2. 目には見えにくいが波及効果が大きい
特に大学や研究機関に所属する科学者や研究者が対象とするテーマは、「2~3年という短期間のうちに役に立つものは少ない」と思います。それらは「短くても5~10年、長い場合は数十年先の未来において、社会や人びとの生活を変える可能性があるもの」です。
そしてそれらは、非常に「専門的」で「ニッチ」な分野を取り扱うことが多いです。従って、いわゆる「一般人」からするとその研究テーマは「分かりにくい」、「理解できない」ものであるという認識のギャップが発生します。
特に理系の学問の場合は、「直感的に」理解しやすいものではないため、専門家とそれ以外の人達との間に横たわる「認識・理解のギャップ」が大きくなります。
このギャップを埋める、つまり自分の研究はどういうテーマを取り扱っていて、それがどのように世の中の役に立つのかを説明する役割は当然専門家の方にあるのですが、自分自身でそれを実行できる研究者は限られています。
例えばサイエンスライターと呼ばれる方々は、研究者や科学者の仕事を、彼らに代わって分かりやすく翻訳して伝える能力を持つ人達で、この「科学に対する認識・理解のギャップ」を埋めることを仕事にされています。
今回、引用部分には地球科学者の猿橋勝子氏の言葉を取り上げました。
科学者の仕事は、勤勉さ、誠実さが求められ、たゆまずコツコツと努力続ける必要がある。そして、すぐには目に見えるような結果は出ないかもしれないが、形となった時の人類への貢献度合いは極めて大きい。同時に、波及効果がそれだけ大きいということは、研究の成果に対して大きな責任も負うことになるため、極めて高い倫理観が求められる。
科学者について述べられていますが、この考え方は決して、科学者や研究者だけに求められるものではないと思いました。私たちが仕事をして行く上で極めて大切な視点です。
3. この世界がどうあってほしいか
企業において「経営理念」や「ビジョン」と呼ばれるものがあるように、私たち一人ひとりにとっても目指すべき理想の姿や、生き方の軸、行動指針となる考え方が必要です。
「自分は何を成し遂げたいのか」、「どのような人として記憶されたいのか」、そのようなことを考え続け、言葉にしていくことは、悔いのない人生を生きることにつながるでしょう。
上記の問いかけは、「自分を起点」として自分の生き方やキャリアについて考えるものです。
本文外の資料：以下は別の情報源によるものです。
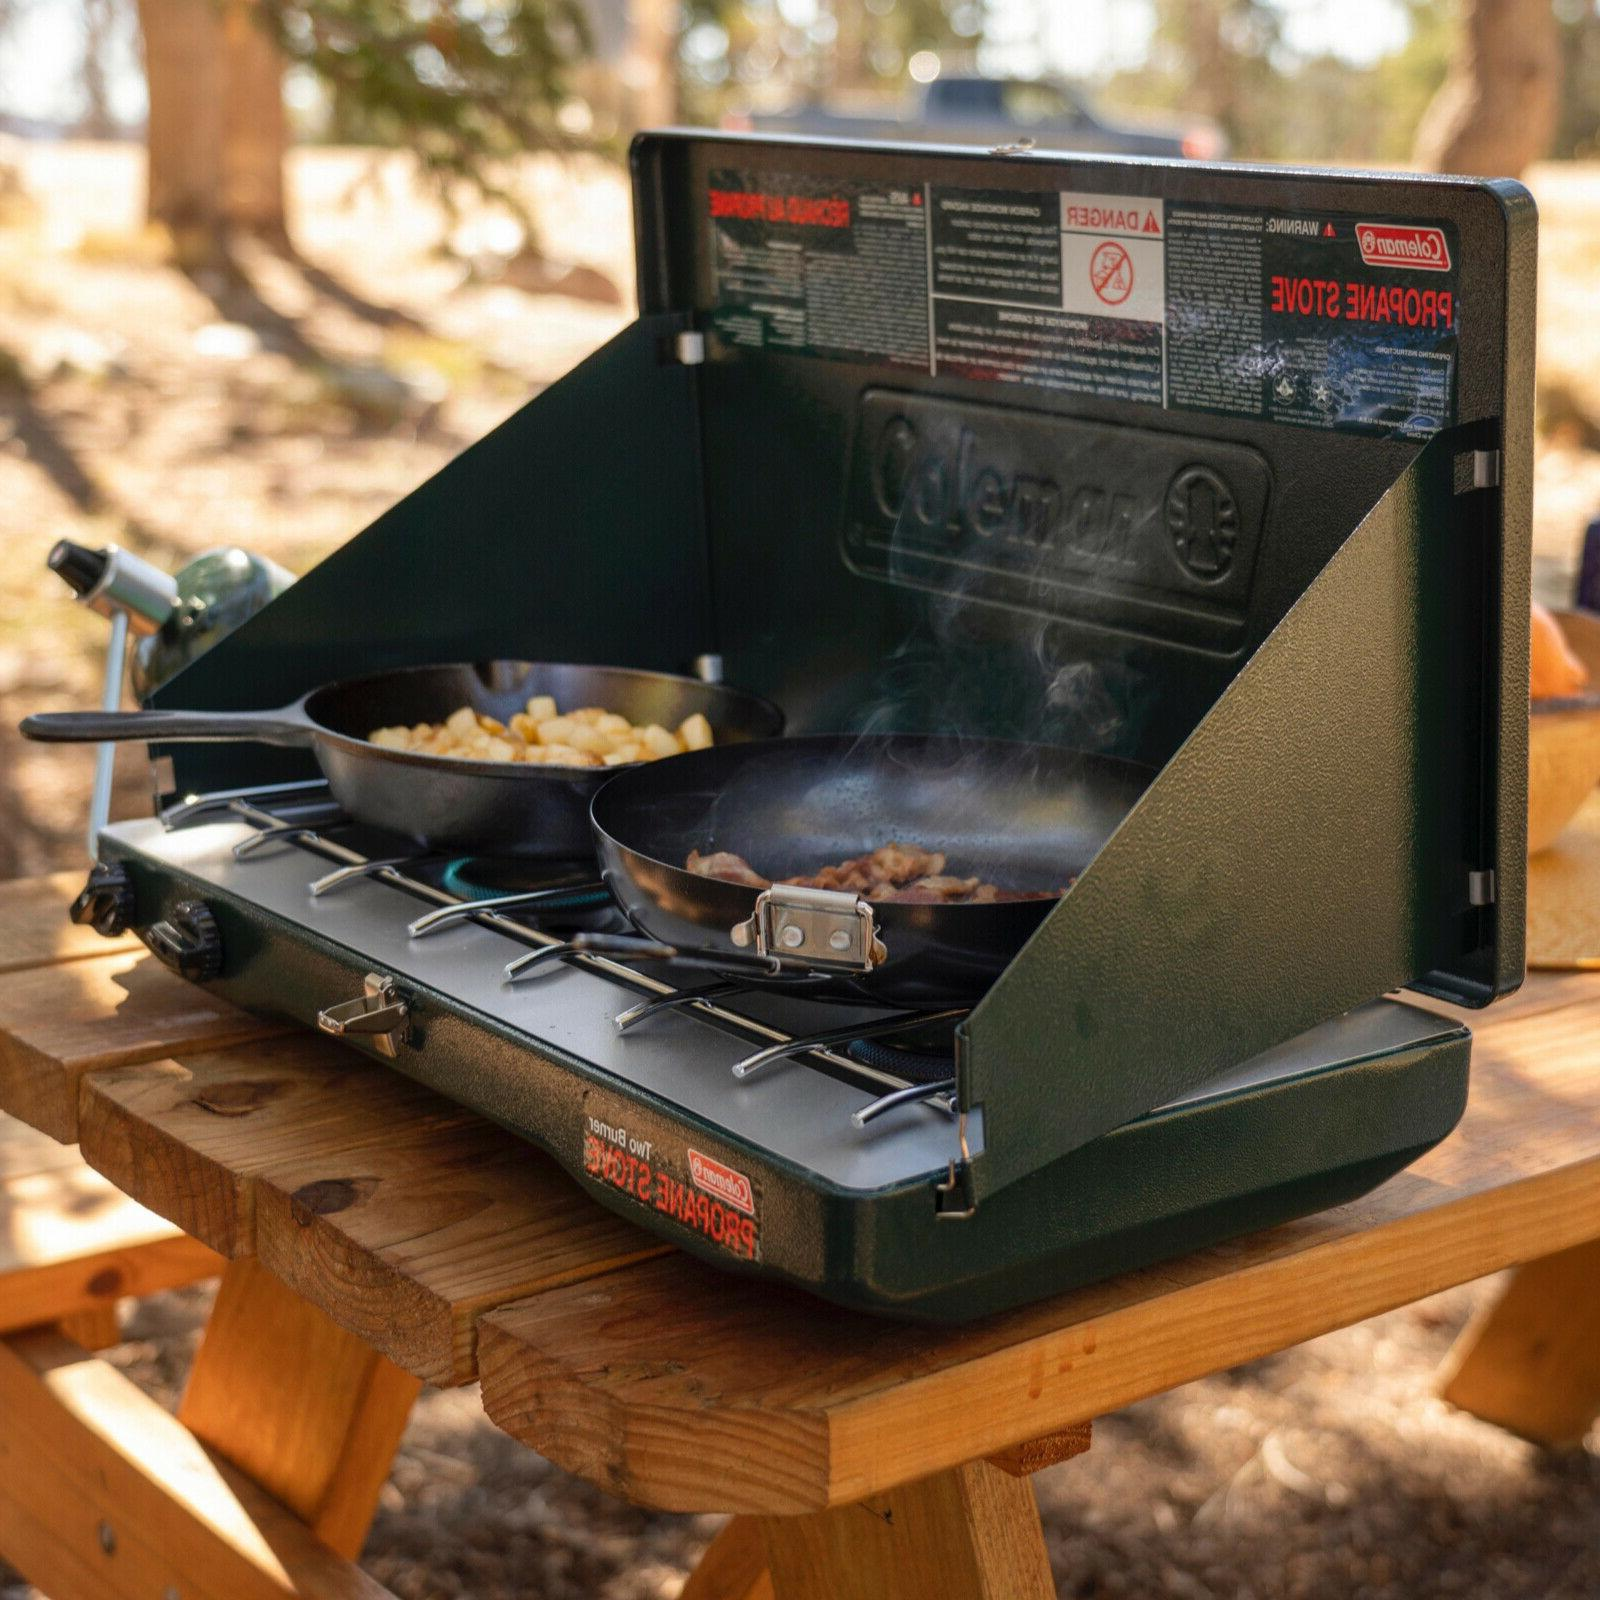 CAMP Burner Portable Cooking Gas

それと、狙いとするところは同じですが、この本の中で紹介されているのは「世界を起点」として私たちの生き方やキャリアについて考えてみる、という方法です。それが、
「この世界がどうあってほしいか」
という問いかけです。
自分を起点として自分の生き方を考え始めた場合、それで自分の生き方が定まる場合はよいのですが
「そもそも自分がどうしたいのかが分からない」ということもあるでしょう。
そんな時、少し視点をずらして、「この世界がどんな世界であってほしいか」という問いかけ方に変えてみたとしたら、少し、考えやすくなるのではないでしょうか。
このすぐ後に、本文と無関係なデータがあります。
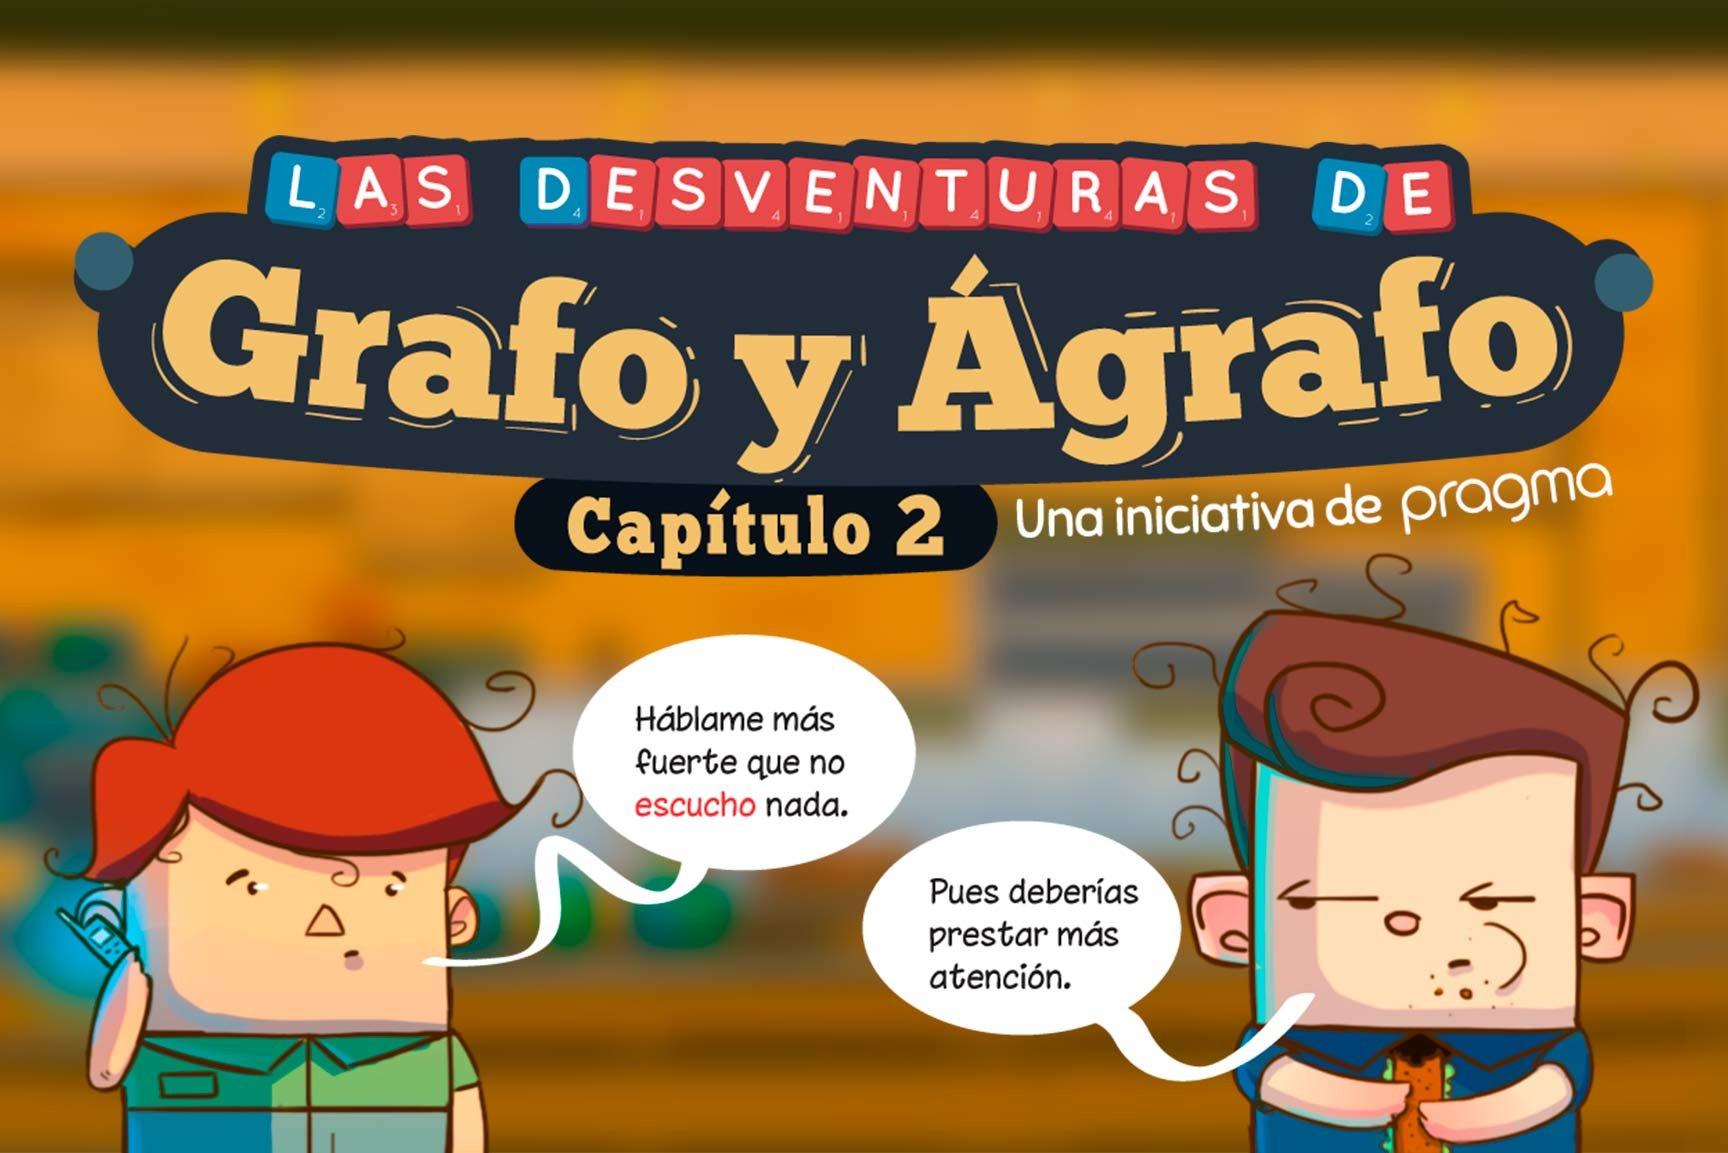 h_grafo_y_aragrafo_imprecisiones_lexicas

漫画のドラえもんのひみつ道具の一つに「もしもボックス」というものがあります。ご存知の方も多いと思いますが、これは、この「もしもボックス」という電話ボックスの中で「もしも○○だったら」という電話をかけて、電話ボックスの外に出ると、世界がそのように変わっている、というものです。
もしもボックスは今のところ、現実には存在していませんが、私たちは自分の頭の中で「この世界がこうだったら良いのに、、」と妄想することは自由にできます。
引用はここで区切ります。